Author: Kenton White, Lecturer in Strategic Studies and International Relations, University of Reading

Original article: https://theconversation.com/why-the-british-army-is-so-unprepared-to-send-troops-to-ukraine-250123


Prime Minister Keir Starmer has said that Britain is “ready and willing to contribute to security guarantees to Ukraine by putting our own troops on the ground if necessary”.

While reports suggest these would be “peacekeeping” forces, the reality is that true peacekeepers must be impartial. British troops placed to support Ukraine could certainly be seen as “partial”. And the positioning of British forces in Ukraine would fit the Russian narrative that casts Nato as the aggressor.

Ukraine is not a member of Nato, but the goal of Nato membership is enshrined in its constitution. British forces involved in any sort of fighting in Ukraine would not enable article 5, which states that each member will regard an attack on any other member as an attack on themselves and assist it, to be invoked. Additionally, US defence secretary Pete Hegseth said last week that European troops deployed to Ukraine should not be covered under article 5.

The weakness with Starmer’s idea is that Britain does not have the wherewithal to provide enough troops, supplies and weapons to act as a real deterrent.

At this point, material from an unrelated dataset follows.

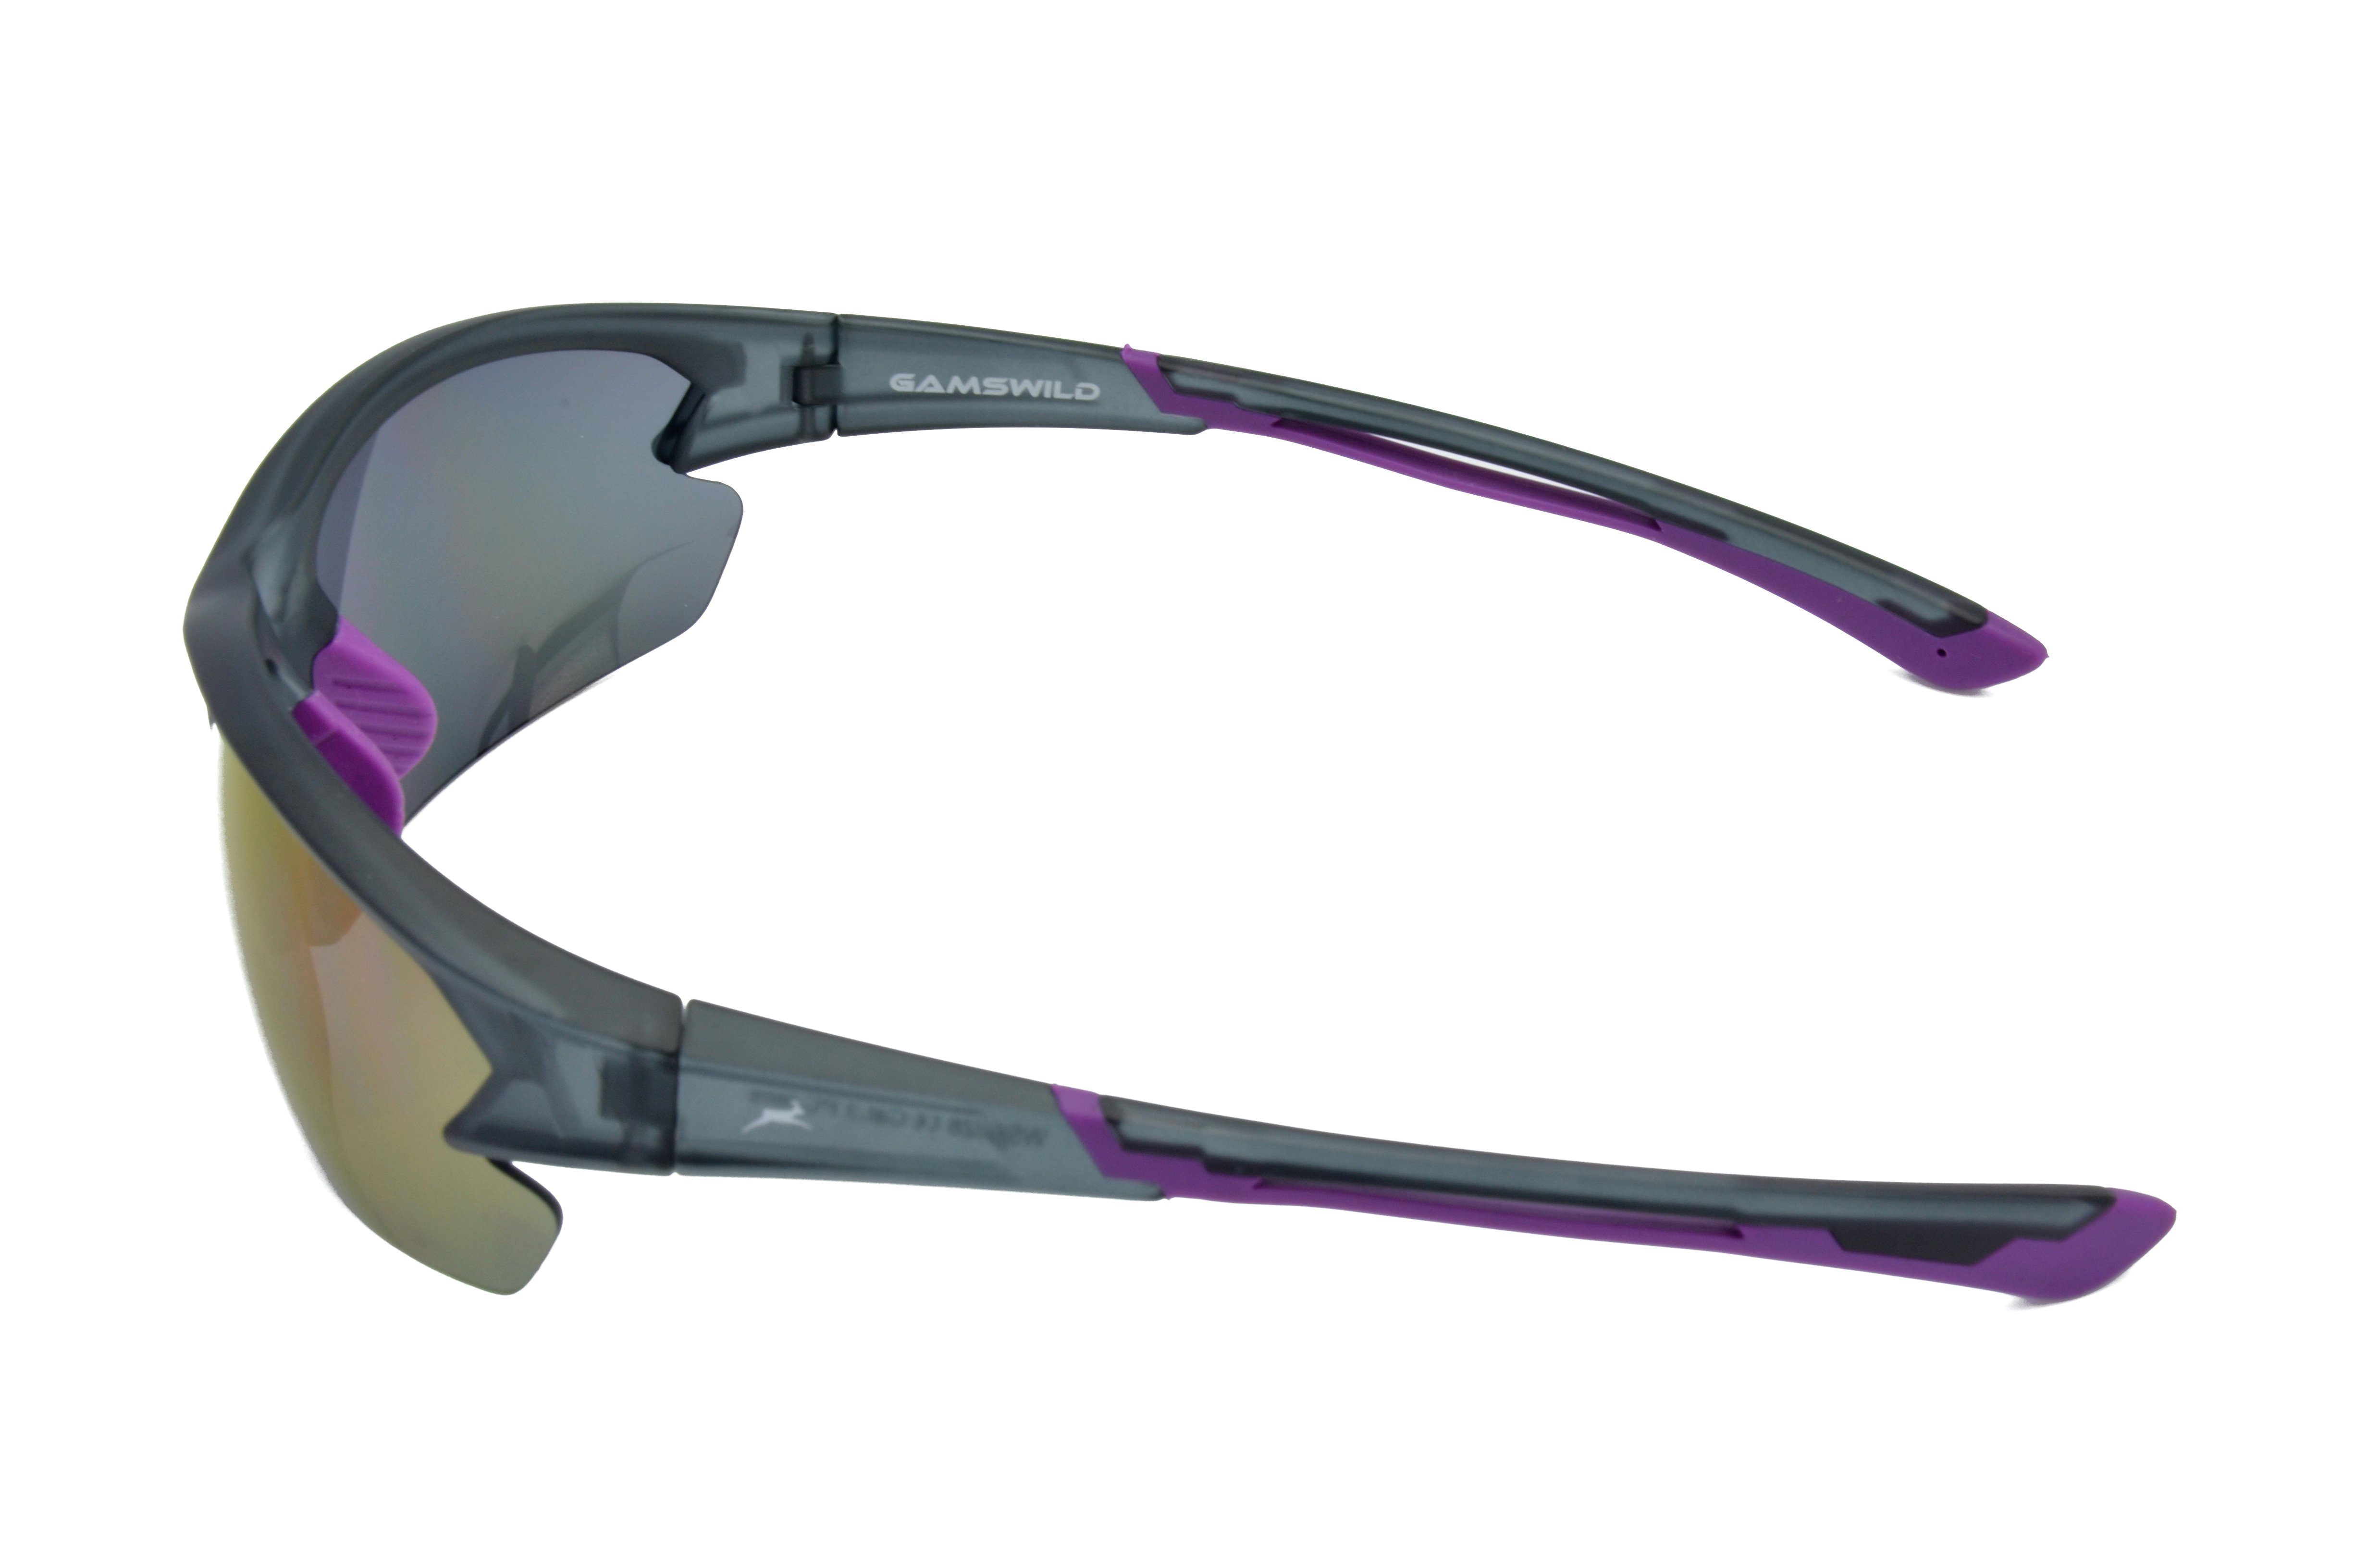 Halbrahmenbrille Skibrille Sonnenbrille Fahrradbrille Unisex, blau, Gamswild Sportbrille violett, WS6028 Herren Damen rot-orange,
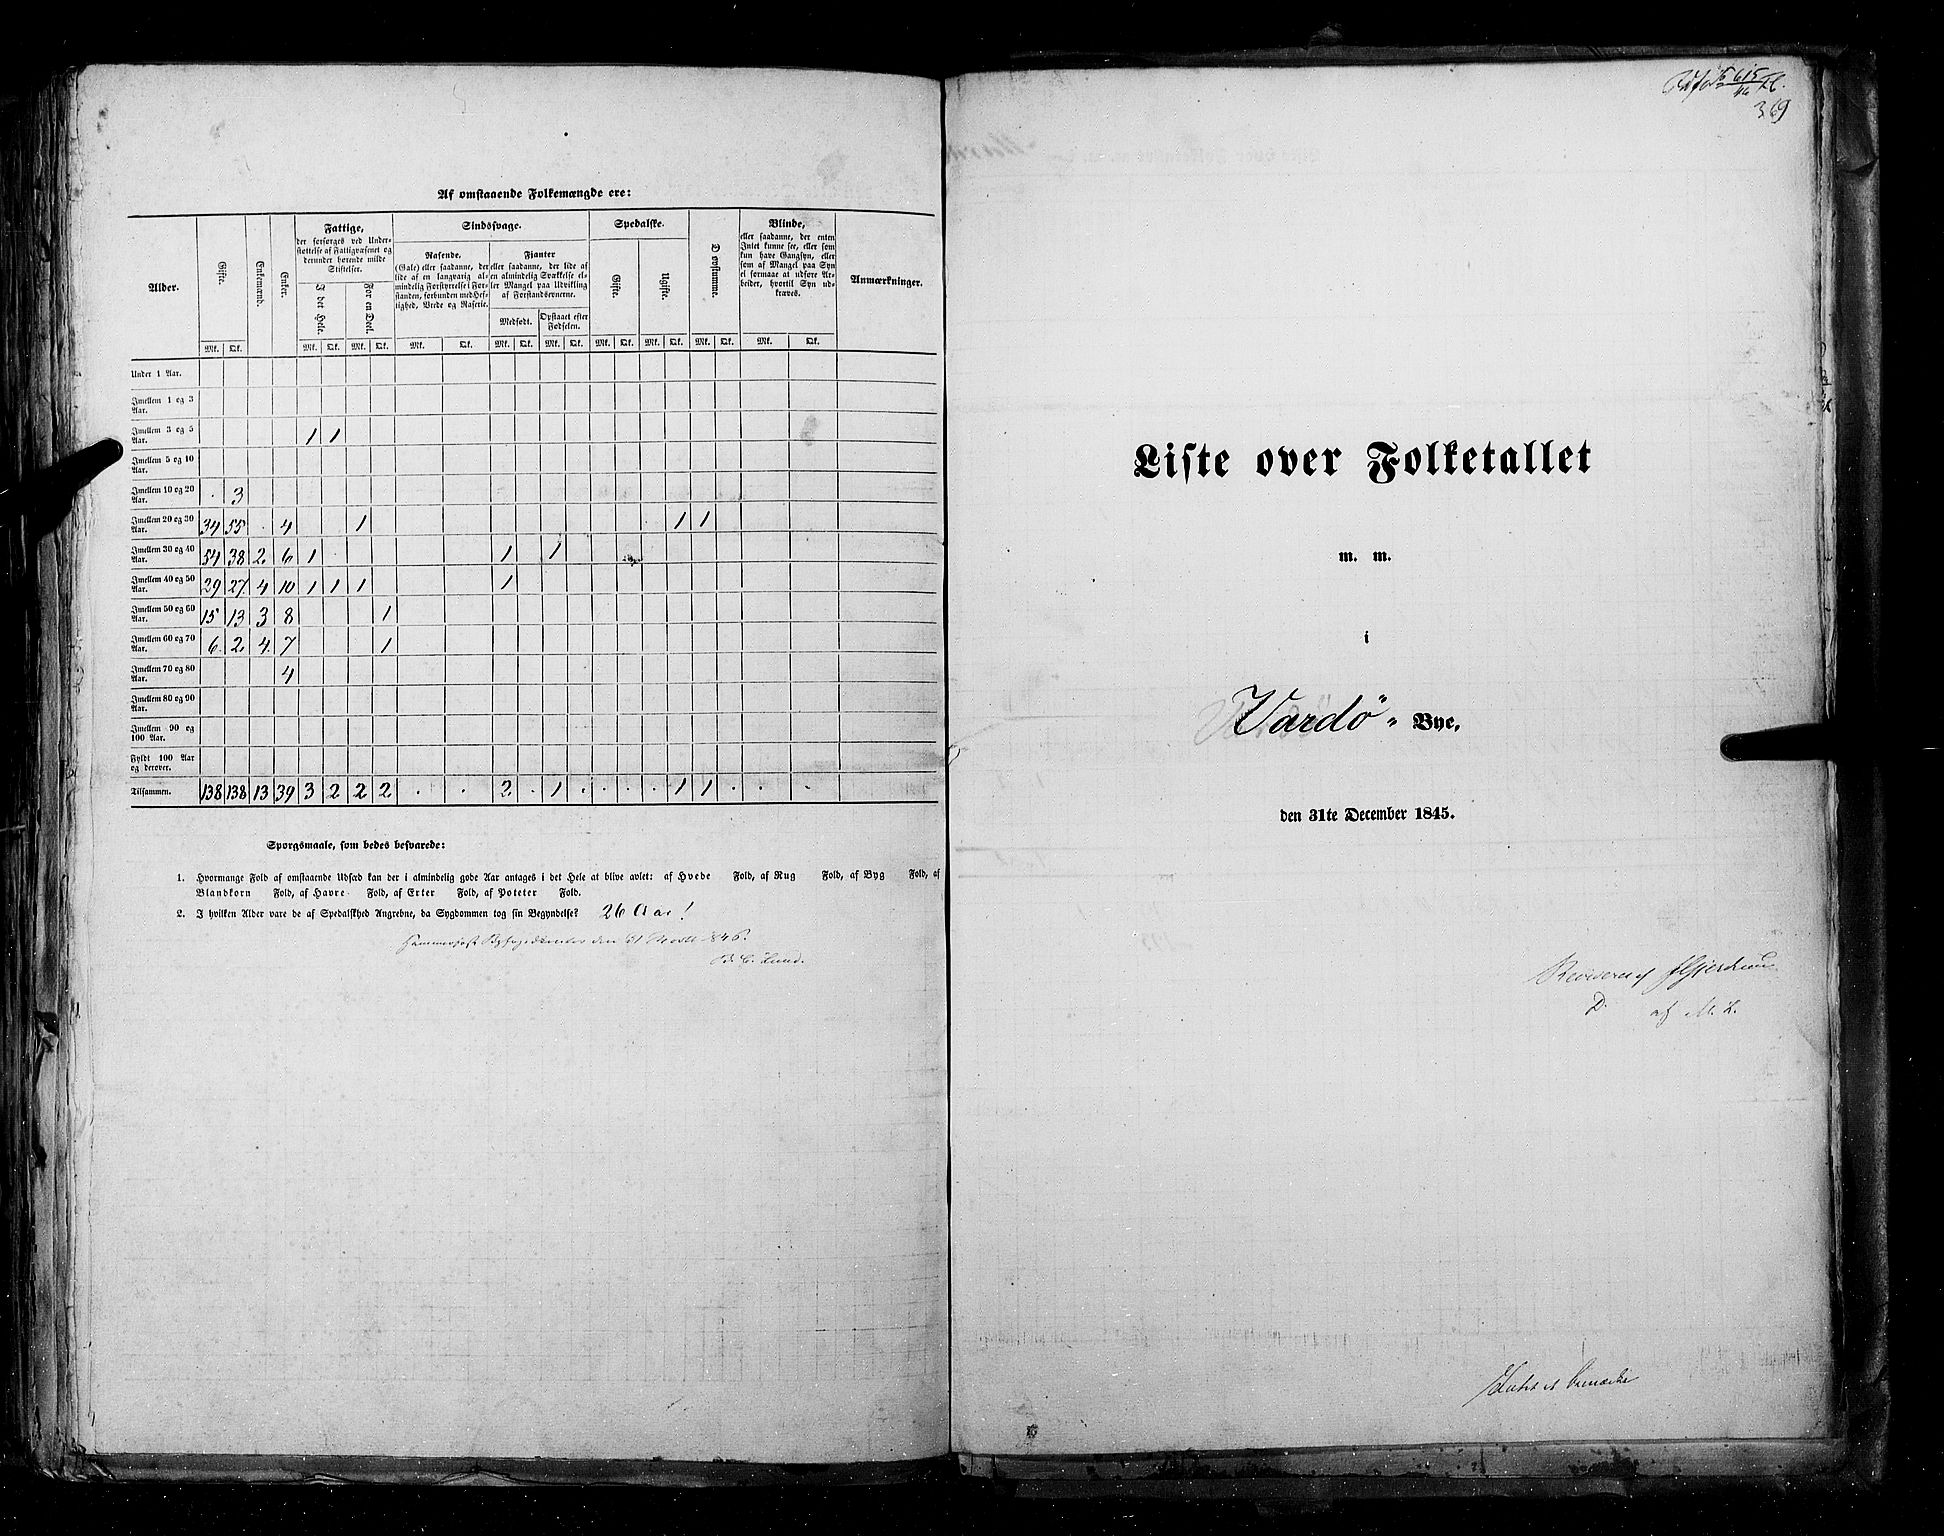 RA, Folketellingen 1845, bind 11: Kjøp- og ladesteder, 1845, s. 369

This isn’t too dissimilar from the state of British forces when faced with war in Europe more than a century ago.

In 1914 Lord Kitchener, then secretary of state for war, speaking of the cabinet’s decision to go to war in Europe, thundered, “Did they remember, when they went headlong into a war like this, that they were without an army, and without any preparation to equip one?”

Small numbers would be nothing more than a “speed-bump” against a large attack, as the British Expeditionary Force was in 1914 and again in 1940. Poor preparation, small numbers and limited equipment meant their deployment was more an indication of Britain’s support, rather than real capability to fight a long war against a peer enemy.

Britain is again in this position. Years of spending cuts have removed the ability of British forces to prosecute a war against a peer adversary for an extended time. The number of troops has fallen from 100,000 full-time trained personnel in 2000, to approximately 70,000 today.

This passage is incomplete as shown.